Clearly, this is irregular since under Sec. 4, par. 10, in relation to par. 7,[13] RA
1161 as amended by RA 8282 (The Social Security Act of 1997, which
was already effective[14] when the
instant petition was filed), it is the SSC as a collegiate body which has the
power to approve, confirm, pass upon or review the action of the SSS to sue in
court. Moreover, the appearance of the internal legal staff of the SSS as
counsel in the present proceedings is similarly questionable because under both
RA 1161 and RA 8282 it is the Department of Justice (DoJ) that
has the authority to act as counsel of the SSS.[15] It is well
settled that the legality of the representation of an unauthorized counsel may
be raised at any stage of the proceedings[16] and that
such illicit representation produces no legal effect.[17] Since
nothing in the case at bar shows that the approval or ratification of the SSC
has been undertaken in the manner prescribed by law and that the DoJ has not
delegated the authority to act as counsel and appear herein, the instant
petition must necessarily fail. These procedural deficiencies are serious
matters which this Court cannot take lightly and simply ignore since the SSS is
in reality confessing judgment to charge expenditure against the trust fund
under its custodianship.
In Premium
Marble Resources v. Court of Appeals[18] we held
that no person, not even its officers, could validly sue in behalf of a
corporation in the absence of any resolution from the governing body
authorizing the filing of such suit. Moreover, where the corporate officer’s
power as an agent of the corporation did not derive from such resolution, it
would nonetheless be necessary to show a clear source of authority from the
charter, the by-laws or the implied acts of the governing body.[19]

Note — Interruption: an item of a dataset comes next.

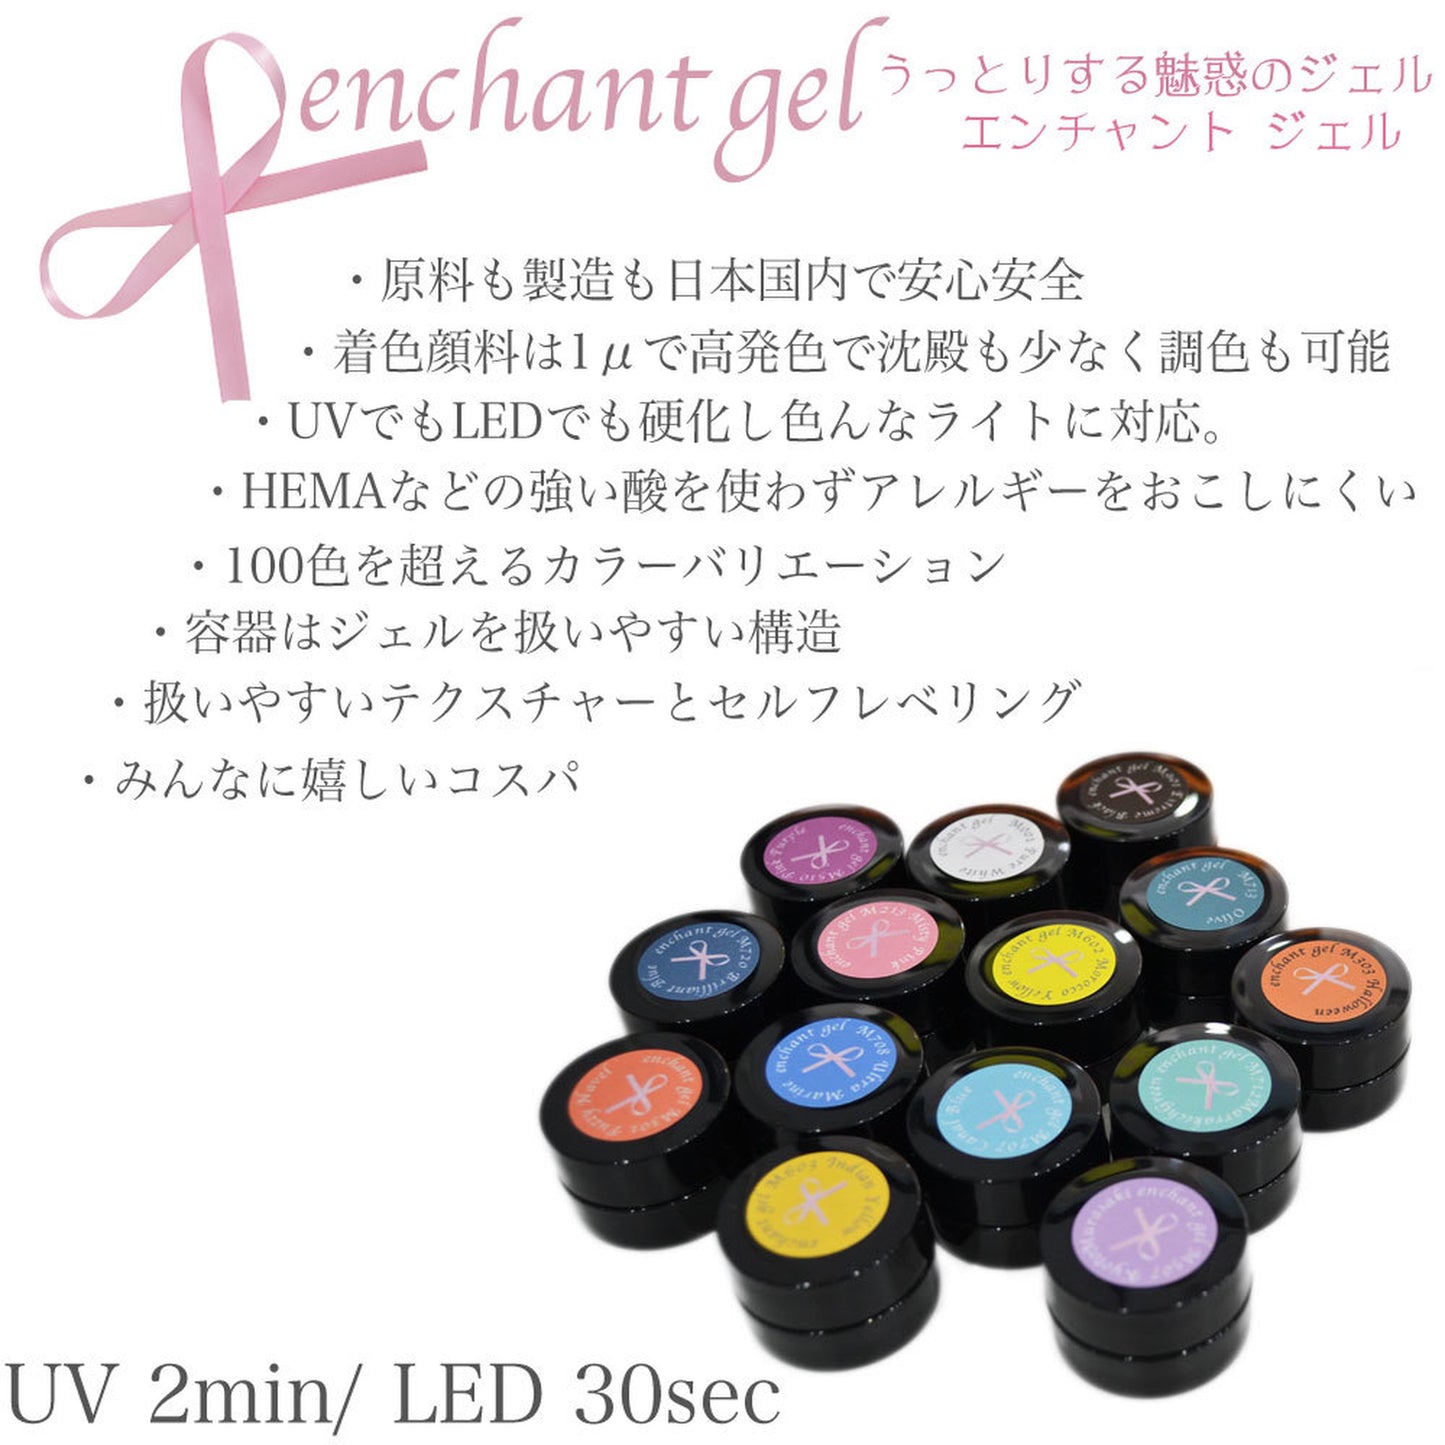 enchant color gel M719 AsaiMauve3g/ マットカラー M719アサイーモーブ 3グラム

Unfortunately there is no palpable evidence in the records to show that the
officer-in-charge could all by himself order the filing of the instant petition
without the intervention of the SSC, nor that the legal staff of SSS could act
as its counsel and appear therein without the intervention of the DoJ. The
power of attorney supposedly authorizing this suit as well as the signature of
the legal counsel appearing on the signing page of the instant petition is
therefore ineffectual.
Indeed we find
no merit in the claim that the employees and officers of SSS are entitled to
the signing bonus provided for in the CNA. In the first place, the process of collective
negotiations in the public sector does not encompass terms and conditions of
employment requiring the appropriation of public funds -
Sec. 13. Terms and conditions of
employment or improvements thereof, except those that are fixed by law, may be
the subject of negotiations between duly recognized employees’ organizations
and appropriate government authorities.[20]
More particularly -
Sec. 3. Those that require
appropriation of funds, such as the following, are not negotiable: (a) Increase
in salary emoluments and other allowances not presently provided for by law;
(b) Facilities requiring capital outlays; (c) Car plan; (d) Provident fund; (e)
Special hospitalization, medical and dental services; (f) Rice/sugar/other
subsidies; (g) Travel expenses; (h) Increase in retirement benefits.
Sec. 4. Matters that involve the
exercise of management prerogatives, such as the following, are likewise not
subject to negotiation: (a) Appointment; (b) Promotion; (c) Assignment/Detail;
(d) Reclassification/ upgrading of position; (e) Revision of compensation
structure; (f) Penalties imposed as a result of disciplinary actions; (g)
Selection of personnel to attend seminar, trainings, study grants; (h)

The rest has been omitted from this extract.